Quote
Originally posted by Lynn S. M.:
Quote
Originally posted by Lynn S. M.:
Quote
Originally posted by fierysicilian:
One thing that I have argued is that now that they have that "faces" software that they use to recognize criminal's faces when they change their hairstyle and such, wouldn't someone have used that to connect Clark w/Superman?
There was a fanfic where Jimmy did just that. I wish I could remember the title or the author
I just found it: It is Wendy Richard's
Sex, Lies, and Photographs

cheers,
Lynn
At the moment facial recognition software doesn't really work much better than human powers of recognition, less well on some common features, with a beard, with glasses, etc.. The figures I've seen that I actually believe are about a 95% chance of successful recognition (e.g. spotting the person you actually want) with a 1% incidence of false positives (spotting someone else who looks sufficiently like the person to give an erroneous result.
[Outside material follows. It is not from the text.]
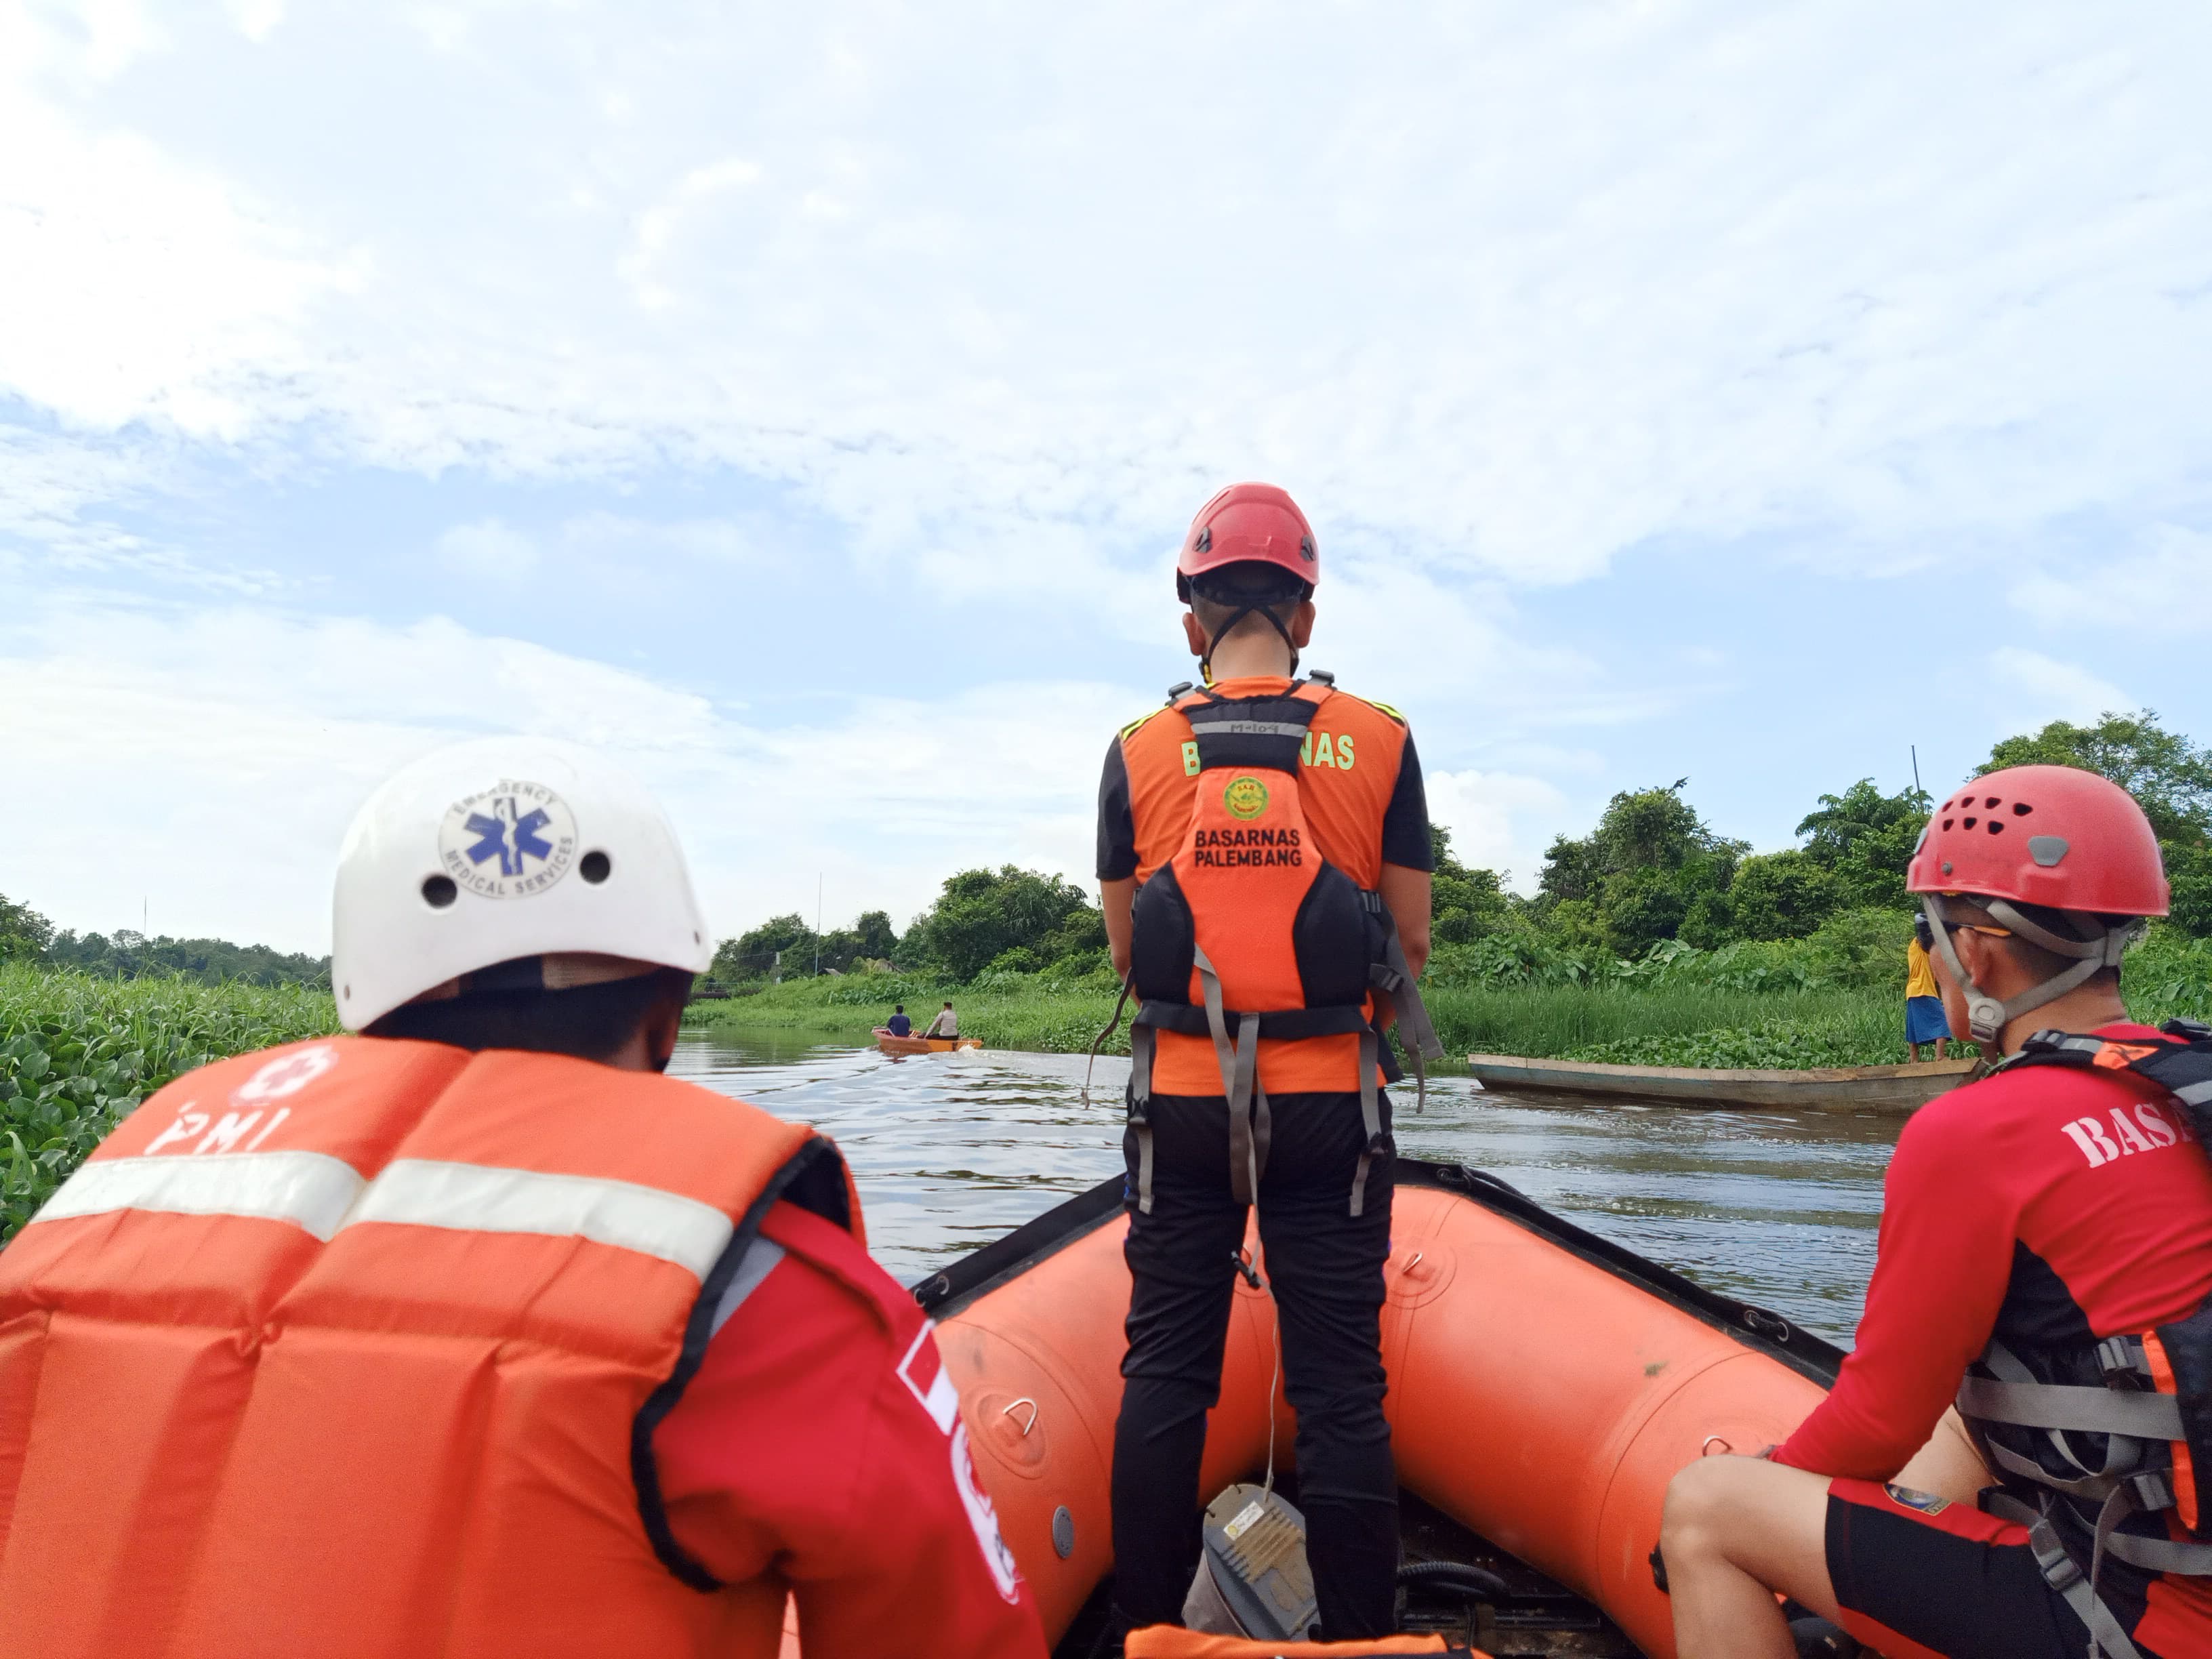 Kondisi Mabuk, Yanto Terpeleset dan Hilang di Sungai Borang pada Lebaran Kedua, Basarnas Lakukan Pencarian

That's under controlled conditions, of course, probably not so good if the lighting isn't so good or the person isn't looking directly at the camera. Or is wearing glasses etc...

Ignoring the real world requirement, 95% / 99% still sounds pretty good, but what it means is that in a crowd of say 10000 people, one of them the one you're looking for, you will identify about a hundred people as your suspect - of whom one MAY be the right person but the rest are not. In a city of say a million people you end up with 10,000 suspects.

And since nobody is denying that Clark and Superman look a lot alike it really doesn't help much anyway. All of the tricks he's used to "prove" that he isn't Superman will still be just as effective. Of course someone could have the bad manners to jab him with a pin or something, but that's always been a risk he runs.

Having aaid that, one of the reasons why I never wrote a Las Vegas crossover (despite Dean Caine playing the casino owner for a while) was that the casino security surveillance team in that show used facial recognition software in every episode - and it appeared to work a LOT better than it does in real life, say 99.9% accuracy with no false positives except one episode where a lot of people were wearing plastic masks designed to give the same facial recognition results.